Having trouble expanding/normalizing a dataframe column of dictionary values into a dataframe/ other-CodePudding

enter image description here

I'm trying to expand a dataframe column of dictionaries into it's own dataframe/other columns. I have already tried using json_normalize, iteration, and list comprehension but for some reason it just returns a blank dataframe. I've attached a link to the CSV I'm working with.

its a csv file with yelp data and the this issue is occurring with all the columns of dictionaries

import matplotlib.pyplot as plt
import pandas as pd
import requests 
from pandas.io.json import json_normalize 
import seaborn as sns
import json
from google.colab import files
import io

uploaded = files.upload()
yelpdf = pd.read_csv(io.BytesIO(uploaded['yelp_reviews.csv']))

print(yelpdf['Ambience'])
df2 = pd.json_normalize(yelpdf['Ambience'])
print(df2.info())
print(df2.shape)
print(df2.head())

CodePudding user response：

I asked access to your file, but in the mean time let's use this example

import pandas as pd

df = pd.DataFrame({"A": [{"B":True, "C":'something'}, {"B": False, "C": "another"}]})

That generate this table:

A
{"B":True, "C":'something'}
{"B": False, "C": "another"}

To convert each key of the dictionaries to a newer column and have that with the original DataFrame you can do:

temp = pd.DataFrame([*df['A']], df.index)
df.join(temp)

With output as

A	B	C
{"B":True, "C":'something'}	True	something
{"B": False, "C": "another"}	False	another

EDIT

Okay now that I have your data I see where's the problem. The same thing I did on the example is valid for you, but in your case when we load the csv the Ambience column comes as string:

import pandas as pd 

df = pd.read_csv('...')
df["Ambience"].values[0]
>>> "{'touristy': False, 'hipster': True, 'romantic': False, 'divey': False, 'intimate': False, 'trendy': True, 'upscale': False, 'classy': False, 'casual': True}"
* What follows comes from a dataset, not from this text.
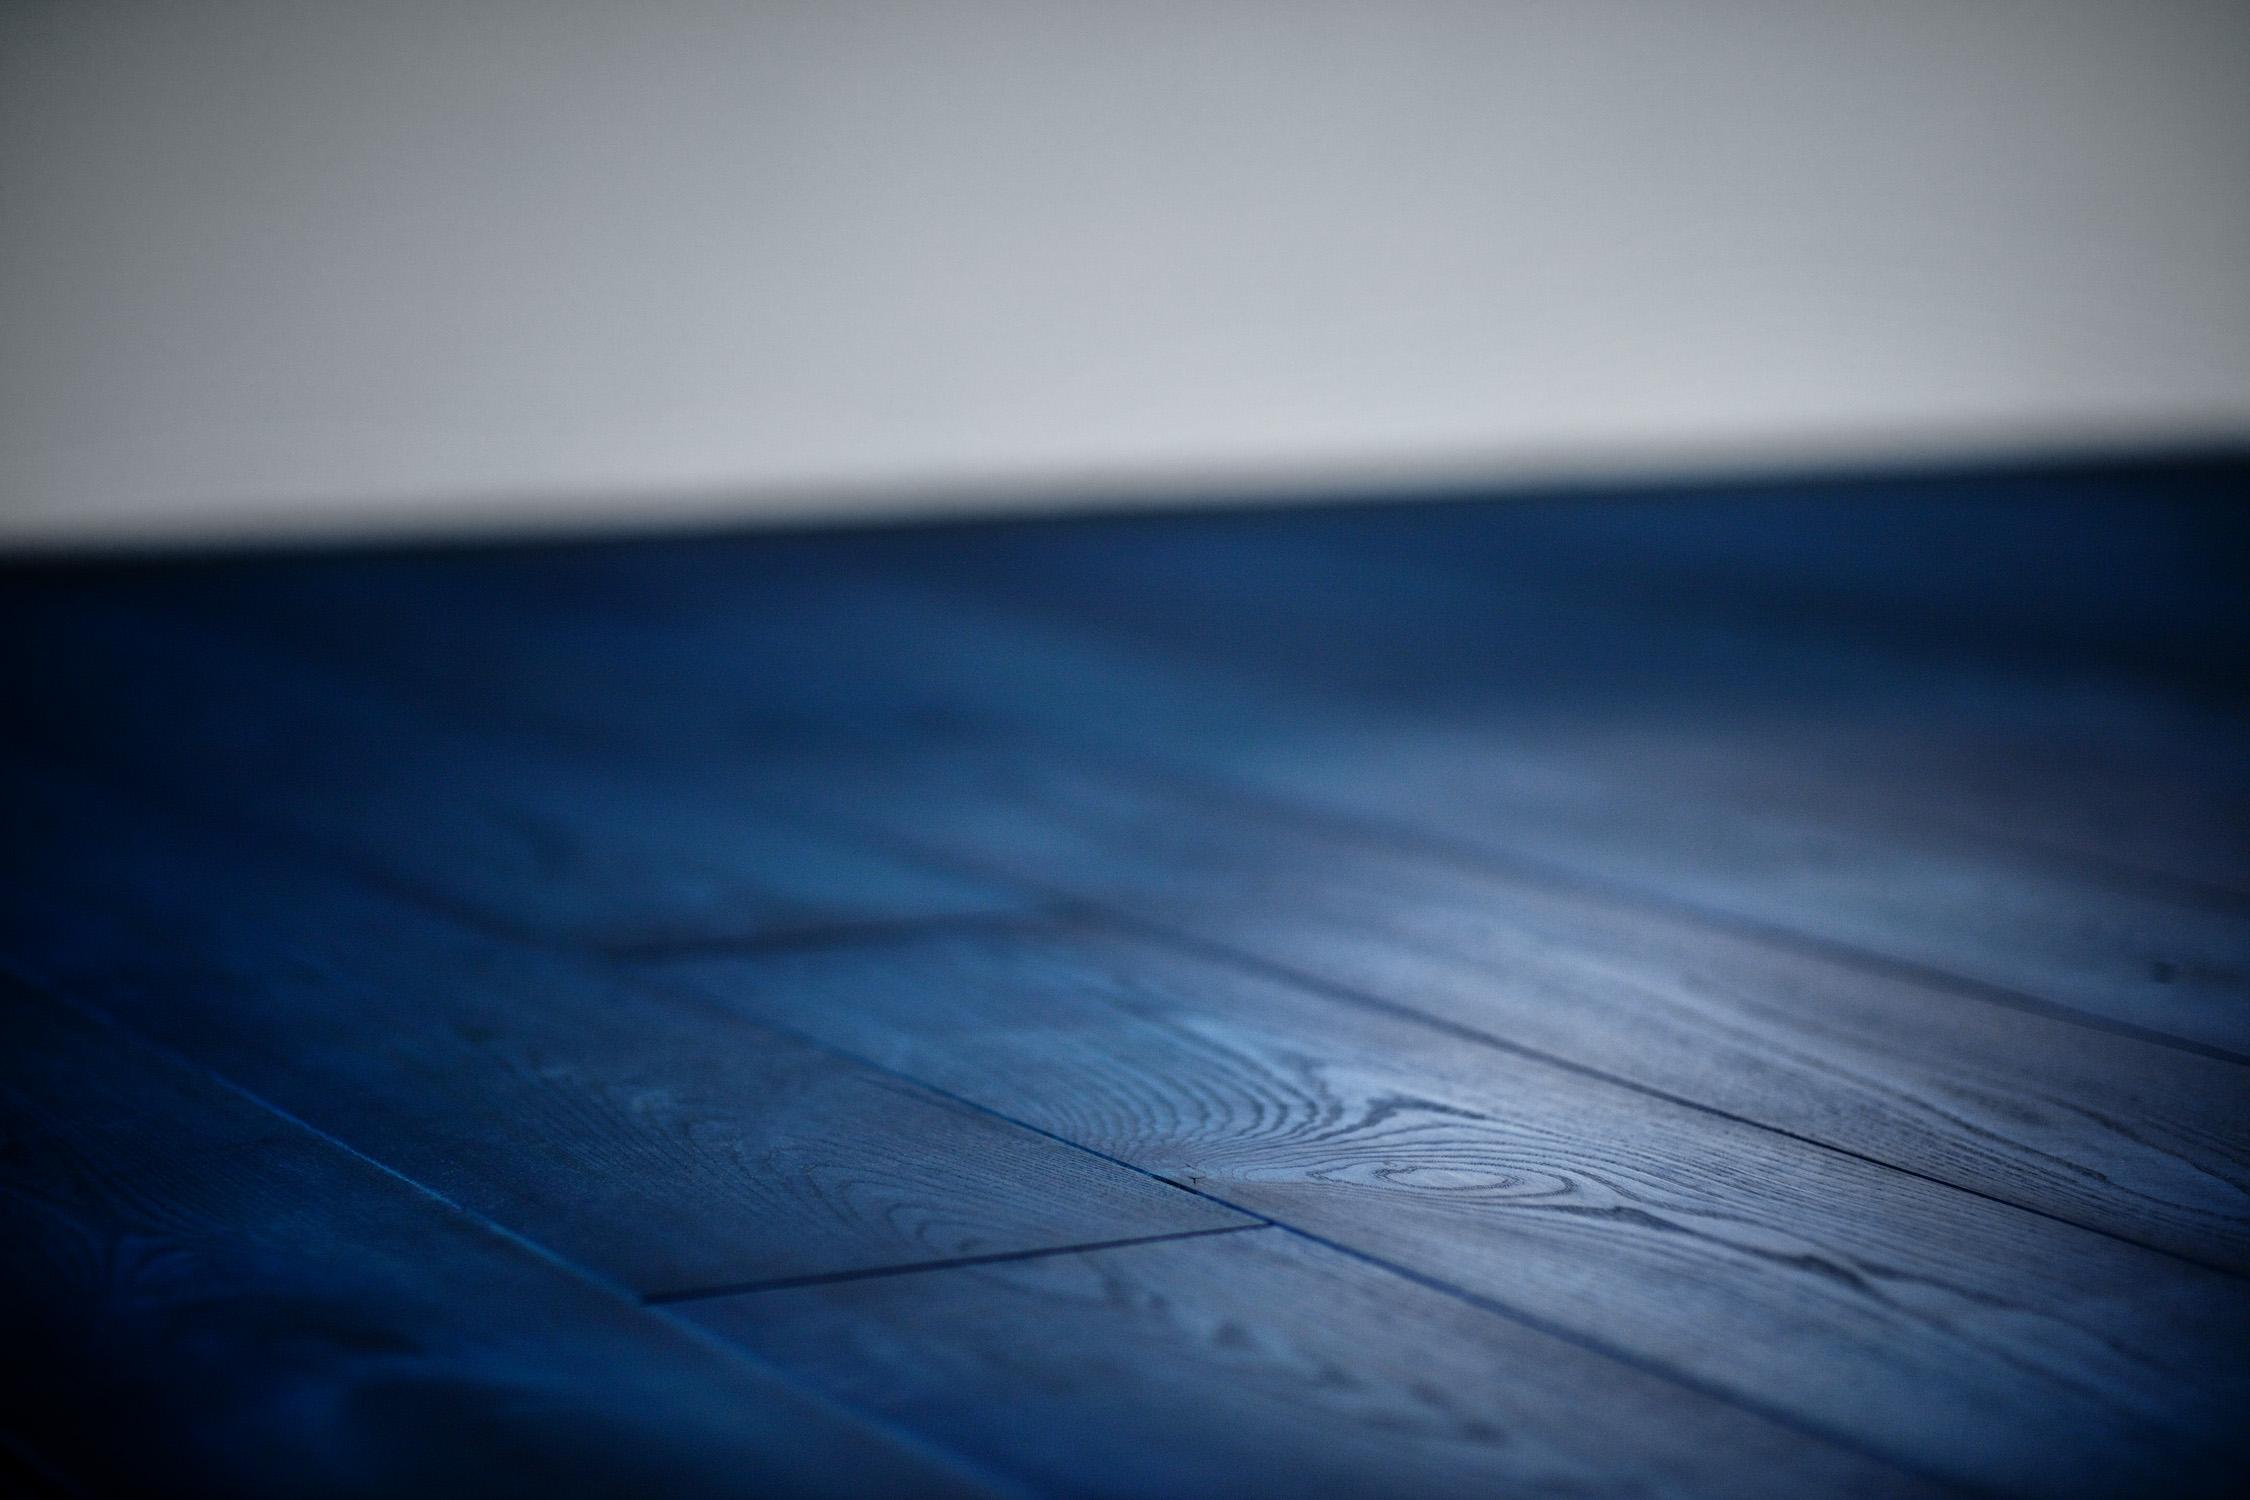 M A D E R Simply Wood Floors Designed By Natureindigo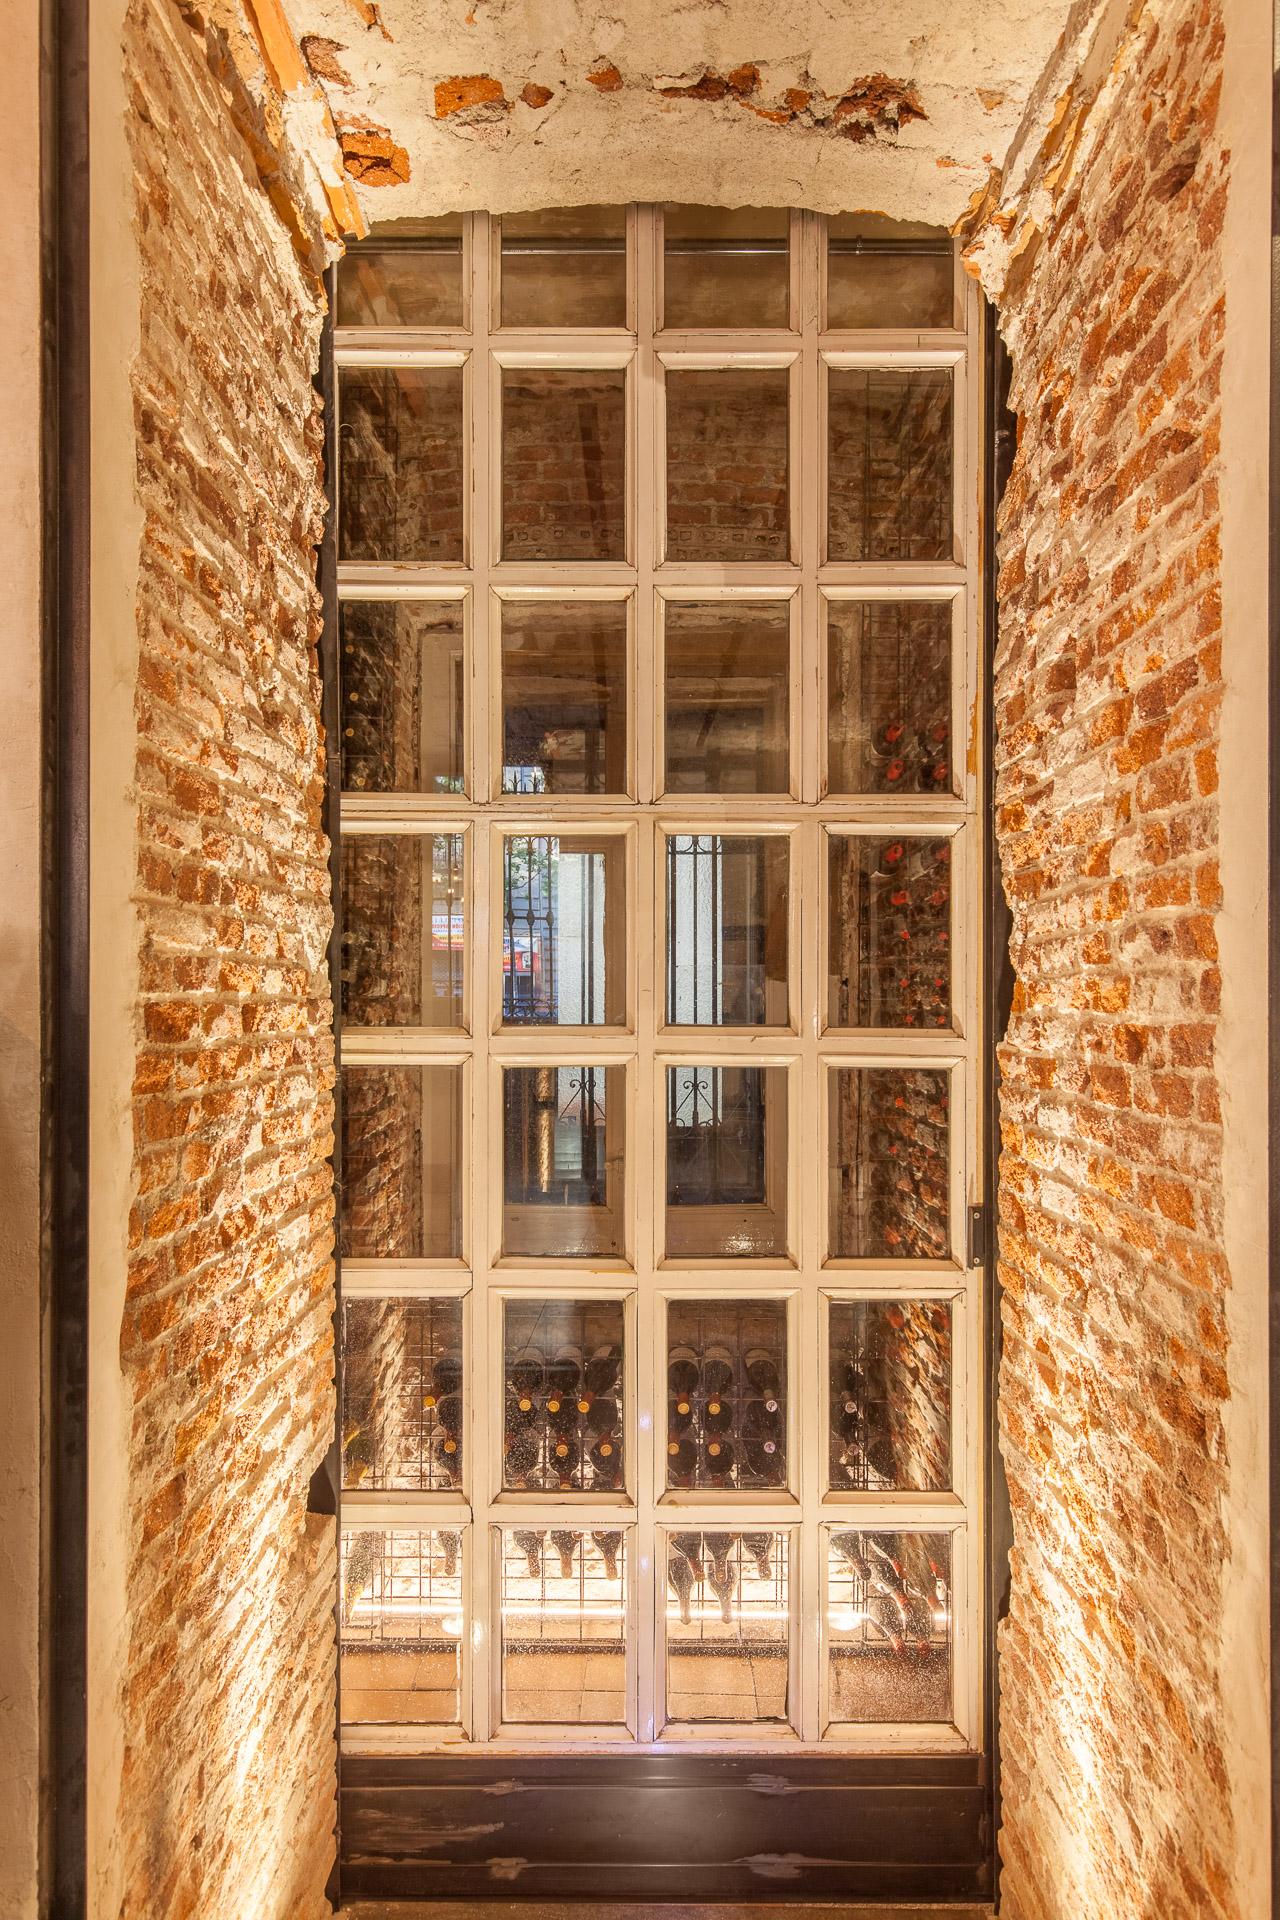 fismuler-71 arquitectura invisible

To use the same approach in the first example we have to transform the string representation of the dictionary to an actual dictionary, to do that we can do:

import ast

df["Ambience"] =  df["Ambience"].fillna("{}") # Filling NaN with an empty dict representation
amb = df["Ambience"].apply(lambda x: ast.literal_eval(x)).copy() # Using ast literal_eval to convert string representation to actual dict
amb = amb.apply(lambda x: x if x else None) # Making empty dicts as None
amb = amb.dropna() # Dropping None's

With that we've created a variable called amb that contains a pandas series of dictionaries with the same index of the original dataframe. So now we can finnaly do:

temp = pd.DataFrame([*amb], amb.index) # Creating the temp dataframe where cols are the keys from the dictionaries
df = df.join(temp) # Joining with original dataframe

CodePudding user response：

The issue is the elements in the 'Ambience' are strings not dictionaries. You just need to convert to dictionaries first before using json_normalize. You can do this using the literal_eval function within the ast Python package.

yelp_df['Ambience'] = yelp_df['Ambience'].apply(lambda x: ast.literal_eval(x) if pd.notnull(x) else x)

There are some nans in the column, so you'll just need to convert only the strings and leave the nan's as is.

Then you can just run your code as normal -

df2 = pd.json_normalize(yelp_df['Ambience'])

Which should yield the dataframe you want.